В 1940-х годах не было точно известно, откуда и как возникает устойчивость бактерий к вирусам (и, если уж на то пошло, – к антибиотикам). Реакция ли это бактерий на вирусы или же просто мутации, которые случайно проявили устойчивость? Казалось, что не существует способа провести эксперимент и получить четкий ответ на данный вопрос, – до тех пор пока Лурия не увидел игровой автомат и его не осенило. Лурия понял, что, если он выведет несколько поколений различных колоний бактерий, а затем подвергнет последнее поколение воздействию вируса, он получит один из двух диаметрально противоположных результатов. Если сопротивление было ответной реакцией на вирус, то он мог бы ожидать появления примерно такого же количества резистентных бактерий в каждой из его бактериальных культур, независимо от их происхождения. С другой стороны, если резистентность возникла в результате случайных мутаций, то следовало ожидать чего-то еще более случайного и неравномерного – как выигрыш в автомате. Бактерии из большинства колоний не проявили бы никакой устойчивости к вирусу вообще; некоторые колонии дали бы единственное поколение «внучат», устойчивое к вирусу; и в редких случаях, если бы «правильная» мутация происходила с несколькими поколениями в «генеалогическом древе», это был бы джекпот: все «внуки» в колонии были бы резистентны. Лурия забросил танцы, как только появилась возможность провести данный эксперимент.

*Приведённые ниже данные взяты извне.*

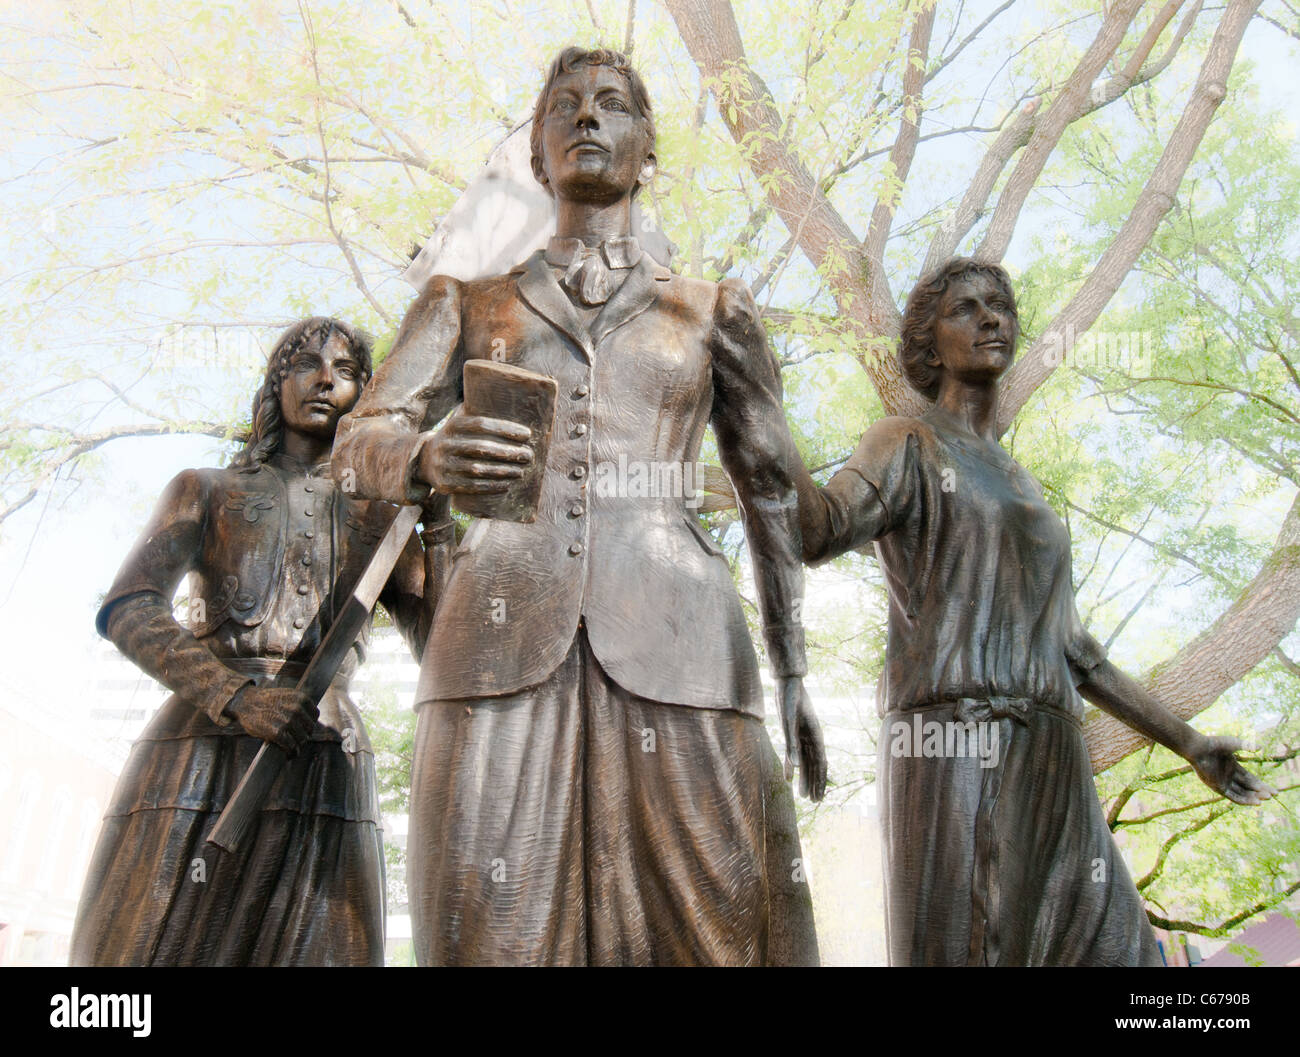 Tennessee Woman Suffrage Memorial, geformt in 2006 von Alan Lequire, Marktplatz in Knoxville, Tennessee, USA Stockfoto

После нескольких дней напряженного беспокойного ожидания Лурия вернулся в лабораторию проведать свои колонии бактерий. Джекпот.
Открытие Лурии свидетельствовало о силе случая; оно демонстрировало, как случайные беспорядочные мутации могут привести к устойчивости к вирусам. Но и состоялось оно, по крайней мере отчасти, благодаря случайности. Он оказался в нужном месте в нужное время, когда игровой автомат подал ему новую идею. Многие великие открытия часто рождаются подобным образом: вспомните яблоко Ньютона (возможно, вымышленное); архимедово «Эврика!» в ванне; заброшенную чашку Петри, в которой выросла плесень Penicillium. На самом деле это настолько распространенный феномен, что для его обозначения было придумано специальное слово: в 1754 году Хорас Уолпол ввел термин «серендипность», основываясь на сказке о приключениях трех принцев из Серендипа (старинное название острова Шри-Ланка). Благодаря случайностям и смекалке они постоянно совершали открытия, которых совершать не собирались.
Эта двойная роль случайности – ключевая часть биологии, ключевая часть открытия – неоднократно привлекала внимание психологов, стремящихся найти объяснение творческим способностям человека. Ранним примером этой идеи послужил Уильям Джеймс. В 1880 году, будучи недавно назначенным ассистентом профессора психологии в Гарварде (спустя 10 лет после публикации эпохальных «Принципов психологии»), Джеймс написал статью в Atlantic Monthly «Великие люди и их окружение». Статья начинается с его тезиса:
Замечательная параллель, которая, по моим сведениям, никогда не была описана, существует между фактами социальной эволюции и психического развития нации с одной стороны и зоологической эволюцией, изложенной Дарвином, с другой.
В период написания статьи идея зоологической эволюции была еще свежа: «Происхождение видов» вышла в 1859 году, и сам Дарвин еще был жив. Джеймс рассуждал, как эволюционные идеи можно применить к различным составляющим человеческого общества, и в конце статьи обратился к эволюции идей:
Новые развивающиеся концепции, эмоции и активные тенденции первоначально возникают в виде хаотичных образов, фантазий, случайных всплесков спонтанных изменений функциональной активности излишне нестабильного человеческого мозга, которые внешняя среда подтверждает или опровергает, принимает или отрицает, сохраняет или уничтожает – выбирает, короче говоря, точно так же, как выбирает морфологические и социальные изменения вследствие молекулярных случайностей подобного рода.